A reflection upon the Lecture ‘An irrelevant relationship? The European Free Trade Association (EFTA) and Yugoslavia, c.1960–91’

On the 22nd of October, Matthew Broad held a discussion about the unique position which Yugoslavia occupied during the Cold War.  This was the first of a series of digital lectures by the Cold War Research Network, with new events to follow in the upcoming weeks.

The event was a great succes and we were very pleased with a very diverse audience of both lecturers and students. The discussion, following the excellent presentation by Matthew Broad, made for an interesting exchange of ideas relating to how the EEC had an impact upon Yugoslavia during the second half of the 20th century.

Please find a short description of the event below.

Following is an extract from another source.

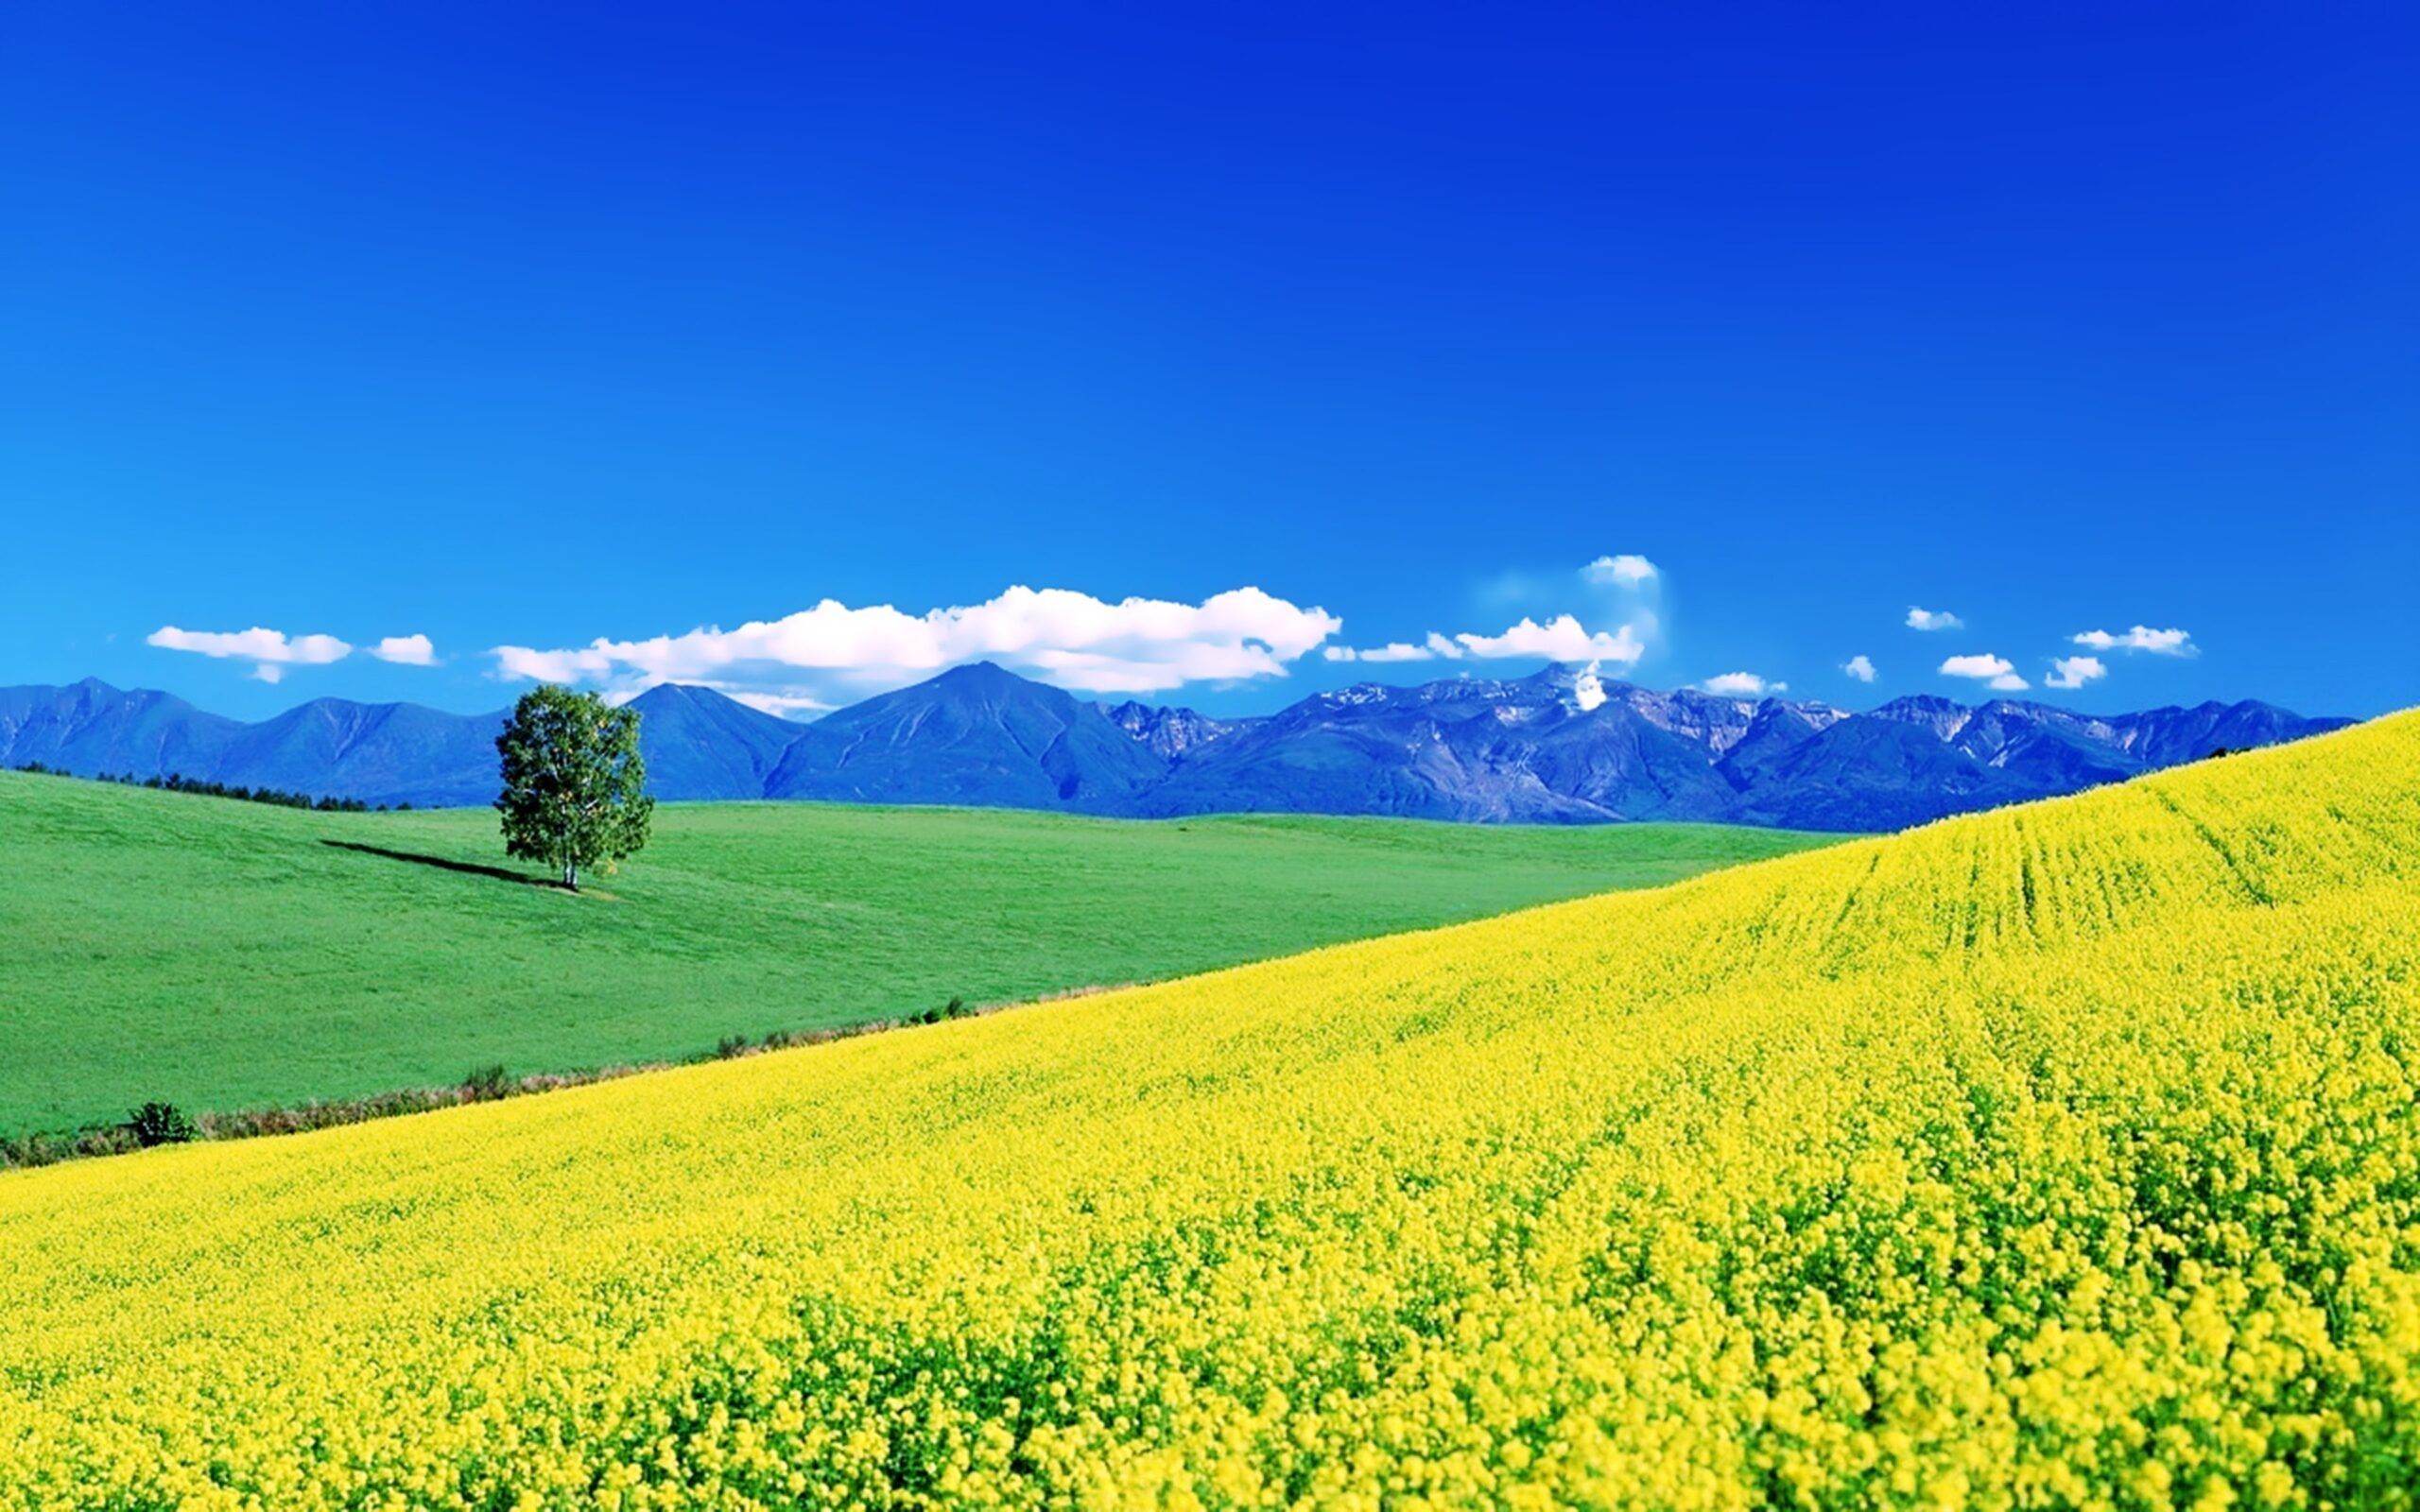 Trees, Hills, Landscapes, Earth, Green, Mountains, Grass, Fields, Stock Image, Picture, flowers, HD Wallpaper, Yellow, Apple, Spring, Beauty, Mobile Wallpaper, Sky Sunny, Nature

Scholars have been curiously reluctant to engage with how Western Europe handled its relations with Belgrade during this time. Even if recent scholarship has sought to tackle this lacuna by highlighting the more activist stance of the European Economic Community (EEC), it nevertheless tends to discount the role played by non-EEC countries. In focusing on the European Free Trade Association (EFTA) – a looser, intergovernmental economic organisation formed in 1960 as the primary alternative to the EEC – this paper asserts that this judgement requires moderation.

Matthew Broad is a Lecturer in International Relations at Leiden and a Research Associate in the Centre for International Studies, University of Oxford. He’s held various posts at the universities of Pittsburgh, Turku and Reading, including as an EU-funded Marie Curie Fellow.